The Maltese blockchain framework will act as a filter process to guarantee that the only ICOs offered to the public are those which have achieved, and are able to maintain, high standards of quality and reliability. This is due to regulation which will verify the ICO’s quality at its inception, and will also provide long-term, continuous supervisory regulation, to make sure that promises made to investors are kept. The Maltese authorities will provide a regulatory stamp of approval, which will guarantee to all interested investors that the ICO in question is legitimate and has surpassed the standards of quality required by the Maltese framework.

How to Create an ICO

According to the Virtual Financial Assets Act (the “VFAA”), the Maltese framework will apply to cryptocurrency tokens and coins which are classified as virtual financial assets (“VFAs”).

The principle requirement to create an ICO within the ambit of the Maltese framework is a White Paper which satisfies all the requirements set out by the VFAA. The White Paper is a document which traditionally accompanies the vast majority of ICOs, and in practice can be likened to a marketing brochure or prospectus.

According to the VFAA, the White Paper should include a brief and concise summary of the technical properties of the crypto token or coin being issued by the ICO, as well as details regarding the persons behind the White Paper and the ICO project, details regarding the expenses already undertaken and the future financial prospects of the project, and details regarding protective measures being taken to safeguard against any possibility of money-laundering. The document should then be certified by a VFA Agent, who will confirm that all information being presented by the issuers of the ICO is factual, before presenting the document to the Maltese authorities.

The system revolves around the role of the VFA Agent, who acts as a Maltese representative – necessarily resident in Malta – which every ICO must appoint. The VFA Agent is an accredited professional who has been registered as a VFA Agent by the Maltese authorities, after a thorough confirmation of the VFA Agent’s competence in the field. In practice, the VFA Agent acts as a first line of defence to ensure an ICO’s full conformity with the VFAA.

Ten days after the White Paper has been delivered to the Maltese authorities by the VFA Agent, the ICO may begin the offer of its crypto tokens to the public. However, even after the tokens have been offered and issued to the public, the VFA Agent has a continuous role whereby he is required to act as a liaison between the administrators of the ICO and the Maltese authorities. The VFA Agent is to assume a role of thorough independence throughout, to ensure that he is always on the lookout for possible legal violations.

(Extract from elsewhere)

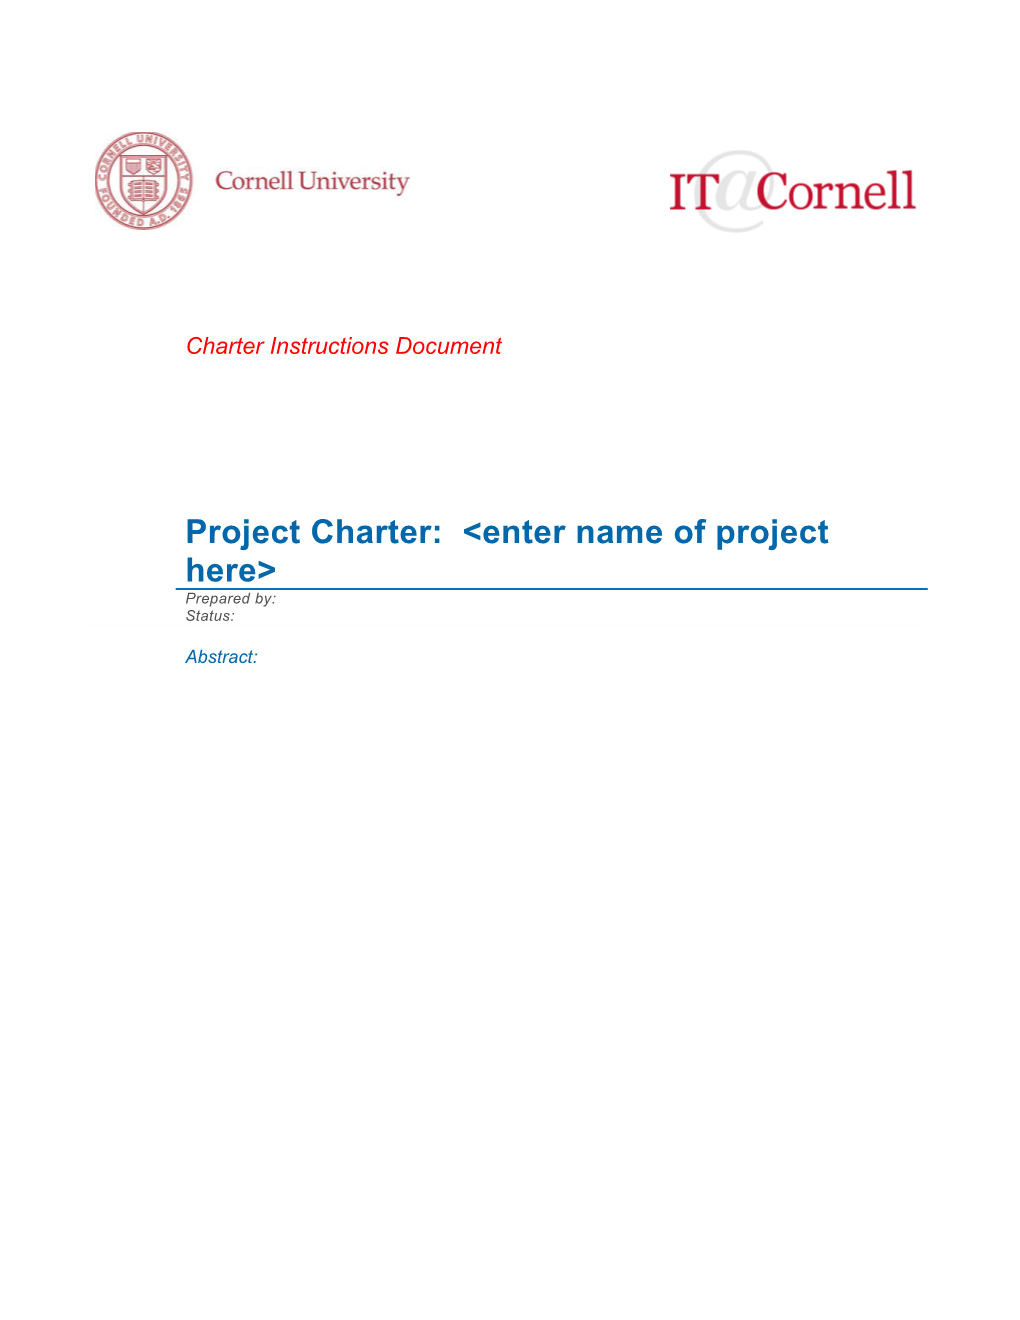 Project Charter: Enter Name of Project Here

Beyond ICOs, the Maltese blockchain framework is also capable of regulating VFA services, which shall be regulated in conformity with the class of services being provided. These service classes include investment advice in relation to VFAs, the management of portfolios of VFA assets, and even the operation of a cryptocurrency exchange. There has been overwhelming interest in the latter, particularly when news hit that Binance, the world’s leading crypto exchange, would be setting up a base in Malta in order to take advantage of the country’s world-leading blockchain framework.

The ingenuity of the Maltese framework is perhaps best represented by the Innovative Technology Arrangements and Services Act (“ITAS”): a less popular but equally interesting legislative instrument which also forms a crucial part of Malta’s blockchain framework. The ITAS introduces a system of regulation applicable to smart contracts; which is also flexible enough to capture agreements based on artificial intelligence, which are expected to become increasingly commonplace in the coming years.

This demonstrates exactly how the Maltese legislative approach has gone beyond the current status quo of the blockchain environment, and has devised a legal framework which is prepared not only for the sector as we know it today, but also for the mainstream implementation of blockchain technology in our daily lives.

The future of blockchain is bright; and all the more so in Malta.